PROBLEM
Each line in the data must be reproduced as written, except for any picture.

DATA PROVIDED
· · · · ·
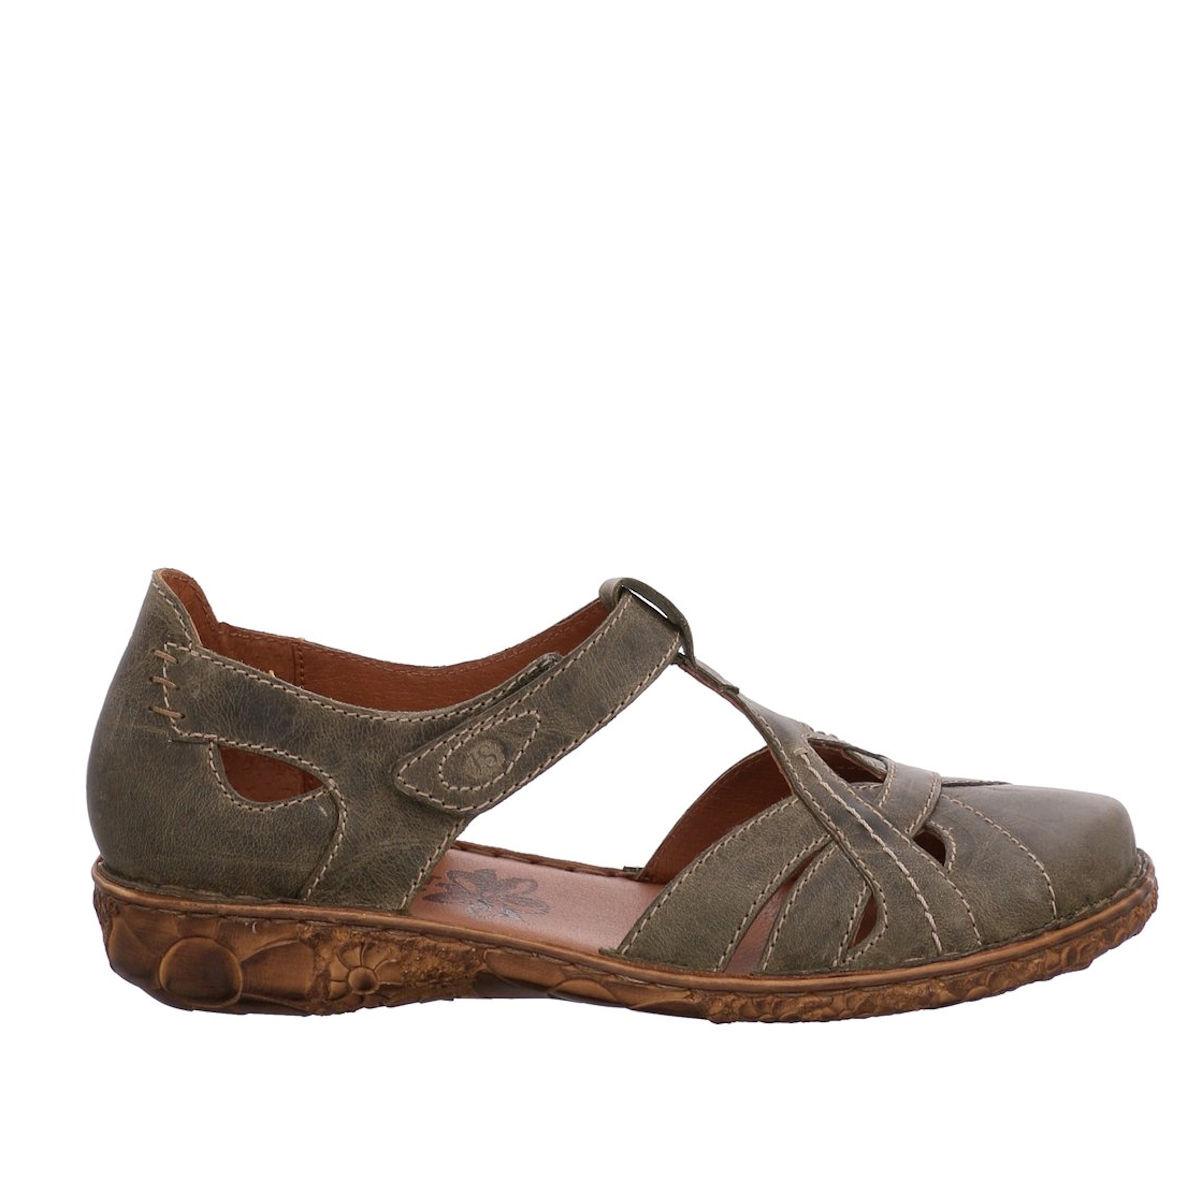 Josef Seibel Rosalie 44 - Womens Olive Closed Toe Sandal
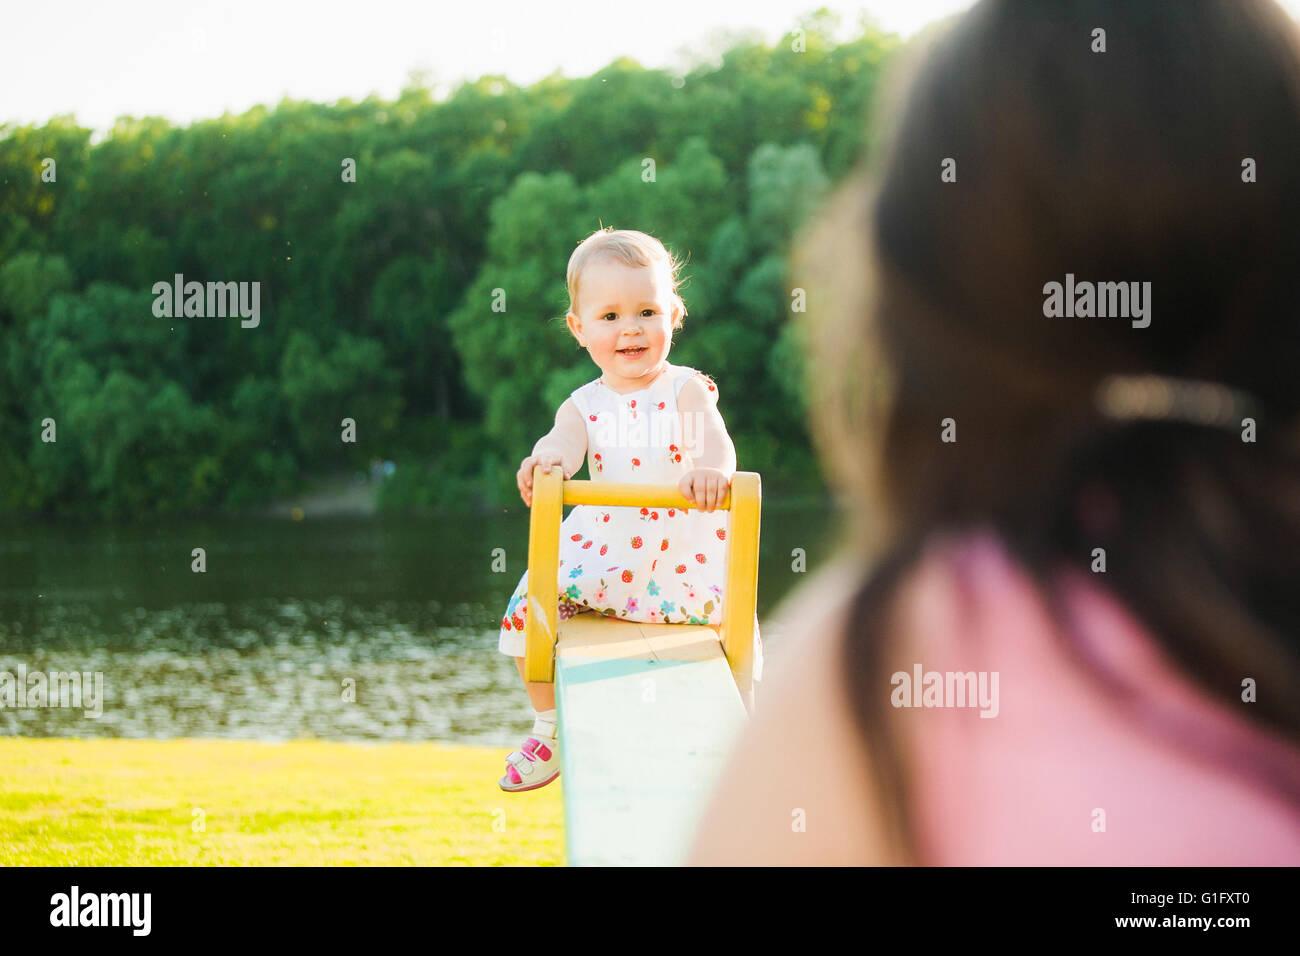 Niña disfruta montando swing con mamá por la bella naturaleza de fondo. Bebé feliz jugando con los padres fuera Foto de stock
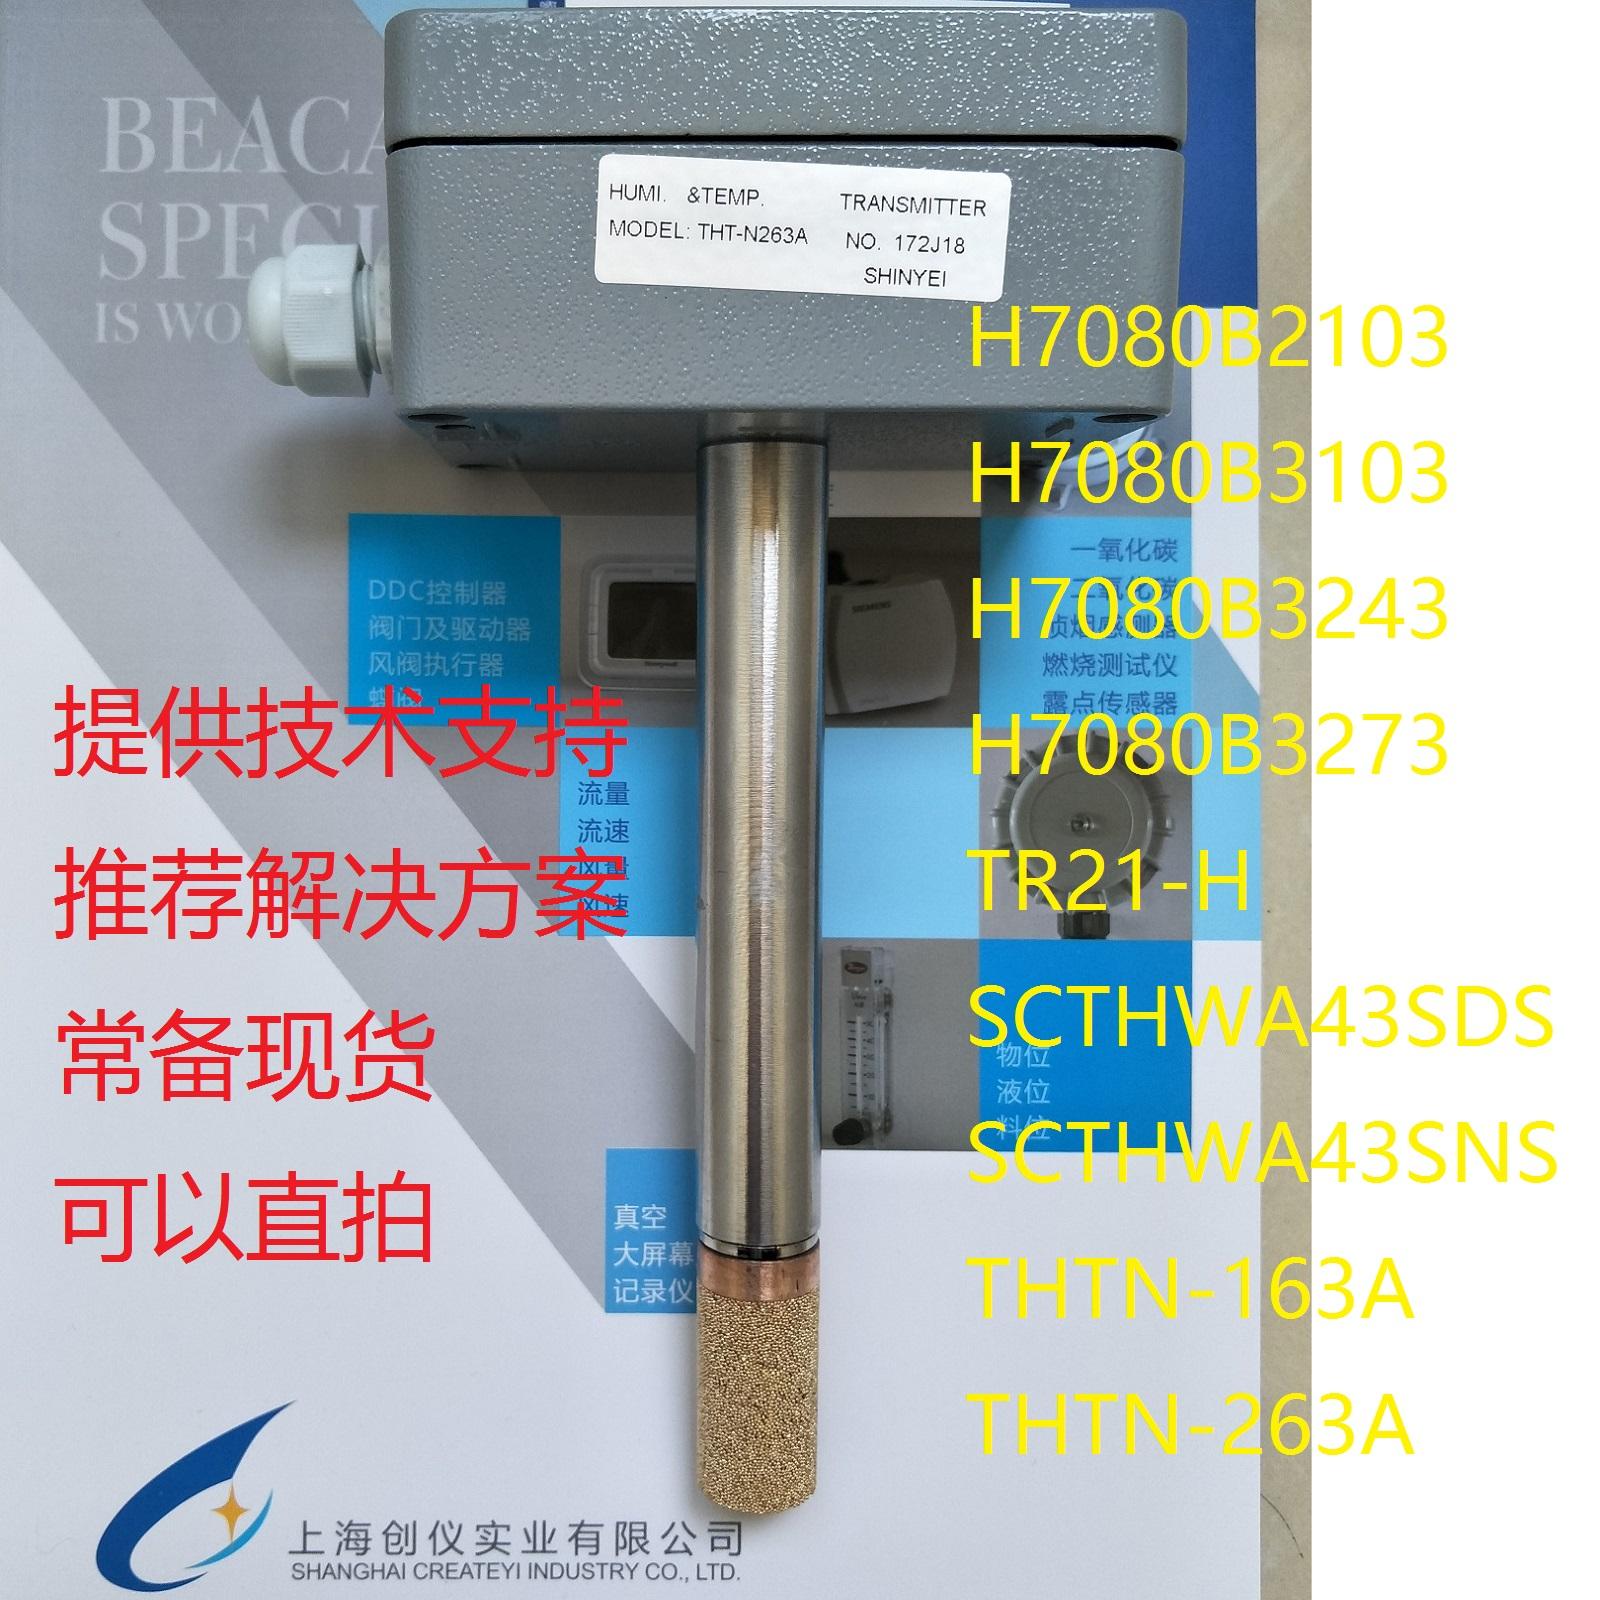 風管溫濕度變送器及溫濕度傳感器相關產品推薦
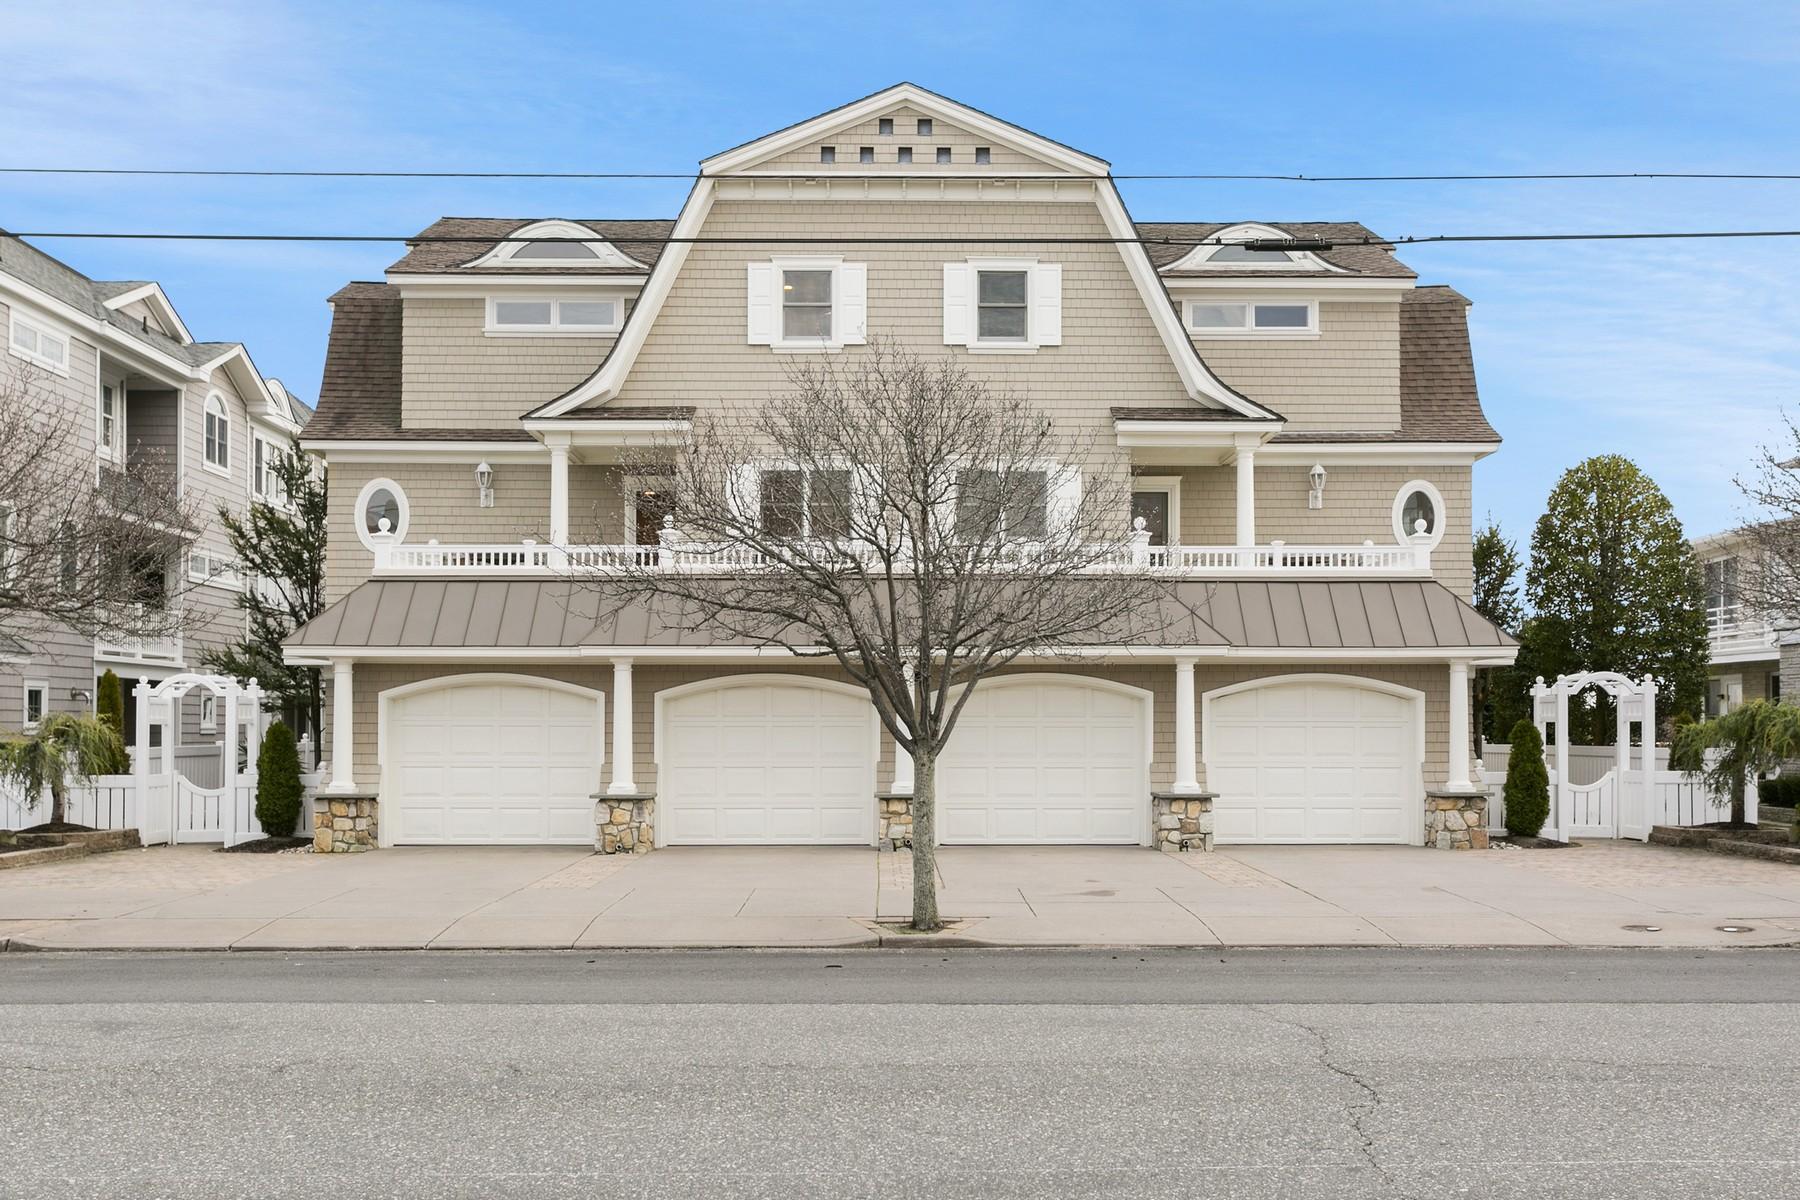 共管式独立产权公寓 为 销售 在 Goldcoast Beachfront 2319 Wesley Avenue South Ocean City, 新泽西州 08226 美国
· · · · ·
SOLUTION
 Josef Seibel Rosalie 44 - Womens Olive Closed Toe Sandal
 Niña disfruta montando swing con mamá por la bella naturaleza de fondo. Bebé feliz jugando con los padres fuera Foto de stock
 風管溫濕度變送器及溫濕度傳感器相關產品推薦
 共管式独立产权公寓 为 销售 在 Goldcoast Beachfront 2319 Wesley Avenue South Ocean City, 新泽西州 08226 美国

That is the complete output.